Le 26 octobre, en lieu et place du sommet franco-allemand qui devait avoir lieu en France, Emmanuel Macron et Olaf Scholz se sont retrouvés à l’Élysée. Ils ont convenu que le report du Conseil devait permettre de tout remettre à plat. À l’occasion de ce déjeuner, qui a réuni également leurs principaux conseillers sur les affaires diplomatiques et européennes, un certain nombre de sujets ont été identifiés comme prioritaires. À charge aux groupes de travail qui seront nommés de crever les abcès et de proposer des compromis sur chacun des dossiers chauds.

Sur l’industrie de défense, la pression finit par porter ses fruits. Un accord est trouvé début décembre pour faire démarrer une nouvelle phase de la conception du Scaf, le futur avion de combat européen. Sur l’énergie, un autre groupe de travail se charge spécifiquement du dossier de l’hydrogène. Les Allemands ne veulent pas entendre parler d’un hydrogène vert qui serait produit par de l’énergie nucléaire mais uniquement par des énergies renouvelables. Là aussi, les choses se débloquent progressivement. Dimanche dans la cour de l’Élysée, le plus gros électrolyseur d’Europe sera exposé : il est franco-allemand.

On a maintenant un moteur franco-allemand qui tourne à plein régime

Il faut dire qu’au sein de la coalition allemande les Verts se sentent politiquement plus proches de la philosophie européenne d’Emmanuel Macron. Même si la question du nucléaire reste très idéologique, la France dispose, avec la cheffe de la diplomatie Annalena Baerbock , d’une capacité d’écoute. Le 7 novembre, la voici qui est auditionnée à Berlin, avec la secrétaire d’État aux Affaires européennes, Laurence Boone, par une délégation franco-allemande de parlementaires.
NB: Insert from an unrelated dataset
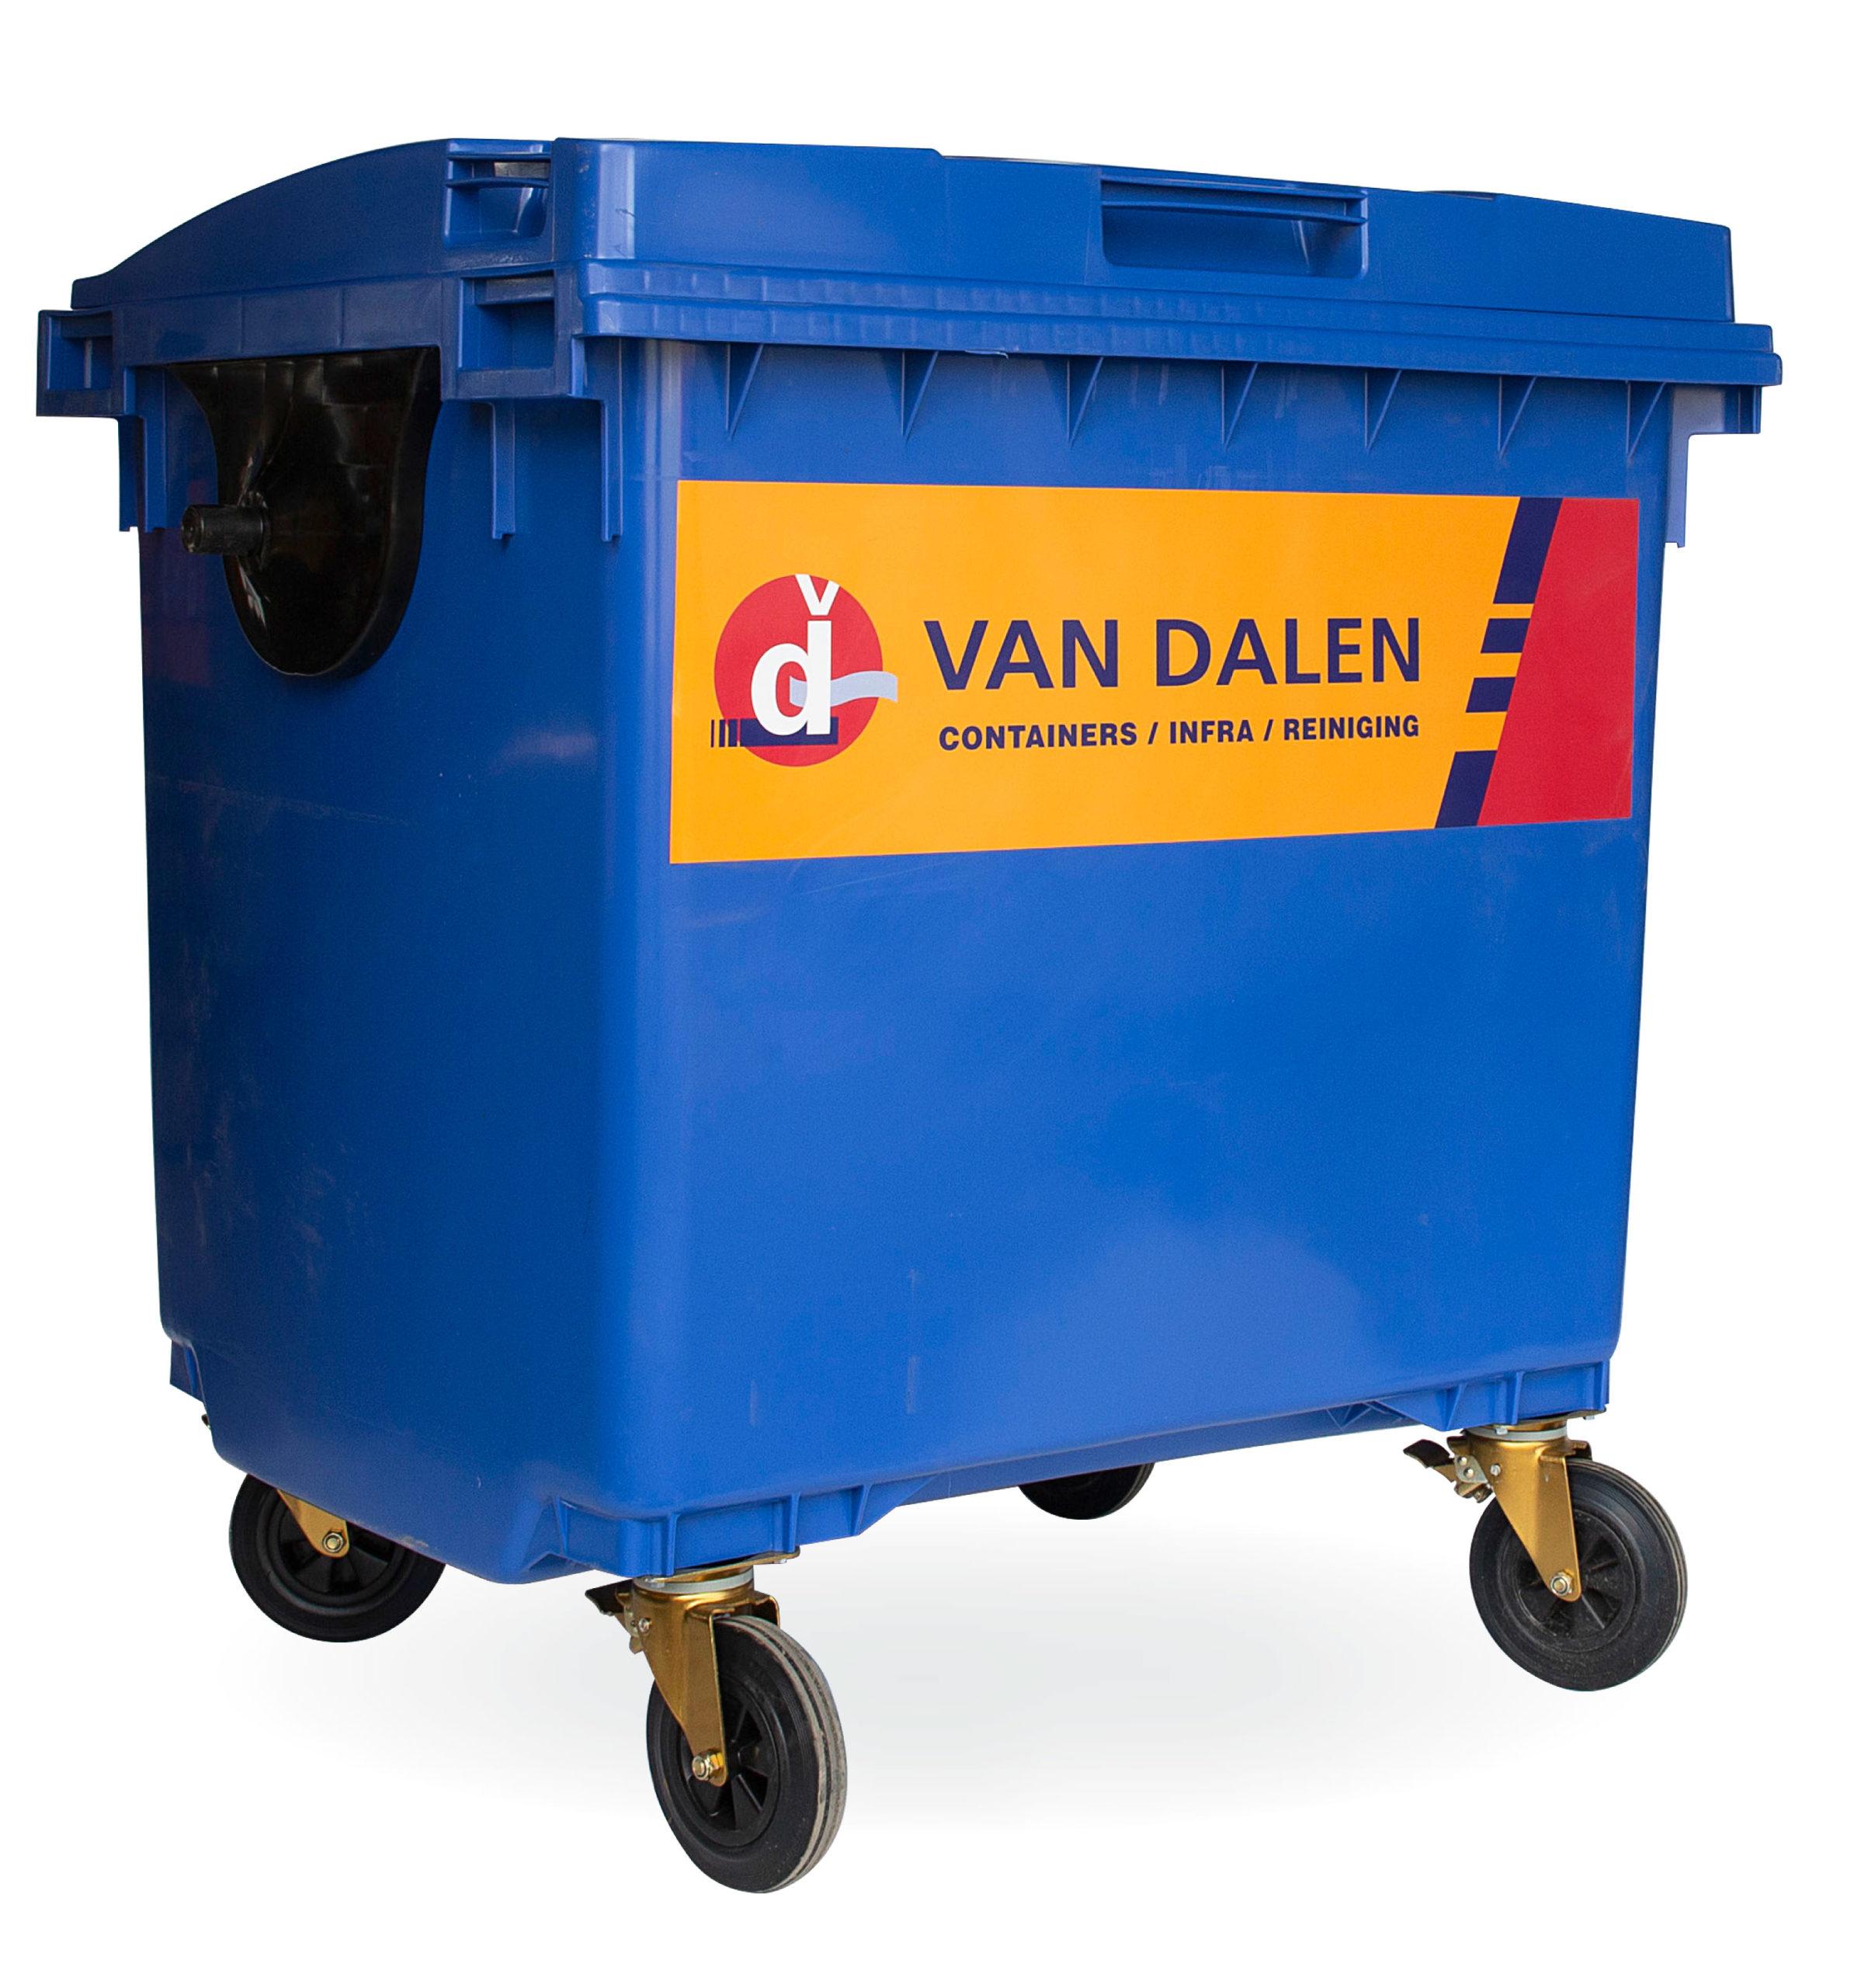 Rolcontainer 770 liter - Papier

Pressée par son agenda, elle annule ses rendez-vous suivants pour continuer de répondre aux questions des élus. « Nous avons besoin de confiance mais aussi de discussions franches entre amis, leur dit-elle. On peut parfois maudire son partenaire parce qu’il n’a pas fermé le tube de dentifrice. Mais la valeur de la relation est telle qu’on a dépassé ces petits différends car le lien profond reste le plus important. » Et d’avouer : « Le Conseil du 26 octobre a été repoussé parce qu’on était en train de discuter de sujets essentiels, identitaires, que nous n’avions jusqu’à présent pas évoqués entre nous. »

Depuis le 26 octobre, cette conversation à bâtons rompus sur les sujets difficiles a été relancée. « La vérité, c’est qu’on a maintenant un moteur franco-allemand qui tourne à plein régime », nous confie l’ambassadeur de France à Berlin, François Delattre. « On discute, on s’écharpe même, mais on n’est plus comme un couple qui fait semblant », ajoute une source française familière de ces débats. La discussion est-elle devenue facile ? Non. Elle reste compliquée, mais il y a davantage de bonne volonté à décrisper les choses. « Lorsqu’on pose une question à Berlin, on a trois réponses différentes et ça n’aide pas », décrypte une source française impliquée dans la relation bilatérale. Allusion aux trois partenaires de la coalition, sociaux-démocrates, libéraux et écologistes. « Ils nous demandent parfois de faire des arbitrages entre eux à leur place », ajoute notre interlocuteur. « Le liant dans la relation franco-allemande venait plutôt de la droite, de la CDU, commente Charles Sitzenstuhl, ex-conseiller du germanophone Bruno Le Maire, qui a donc fréquenté Scholz du temps où il était aux Finances. Du côté du SPD, il n’y a rien, il nous manque des interlocuteurs. »

Reste la relation du « couple » au sommet. Emmanuel et Olaf ont fait des efforts mais ils ne se connaissent pas depuis si longtemps. « Entre chaque président et chaque chancelier, cela n’a pas été l’amour fou dès le premier jour », plaide une source française. Une lucidité qui semble contourner l’idée même de couple. Trop romantique, jugent les Allemands. Pas assez fonctionnel, reconnaissent les Français. « Nous avons des intérêts communs et il faut avancer de façon pragmatique », dit-on à l’Élysée, comme pour faire vieillir aussi cet adage un peu collant selon lequel « la France n’aime pas l’Allemagne mais la respecte alors que l’Allemagne aime la France mais ne la respecte pas ».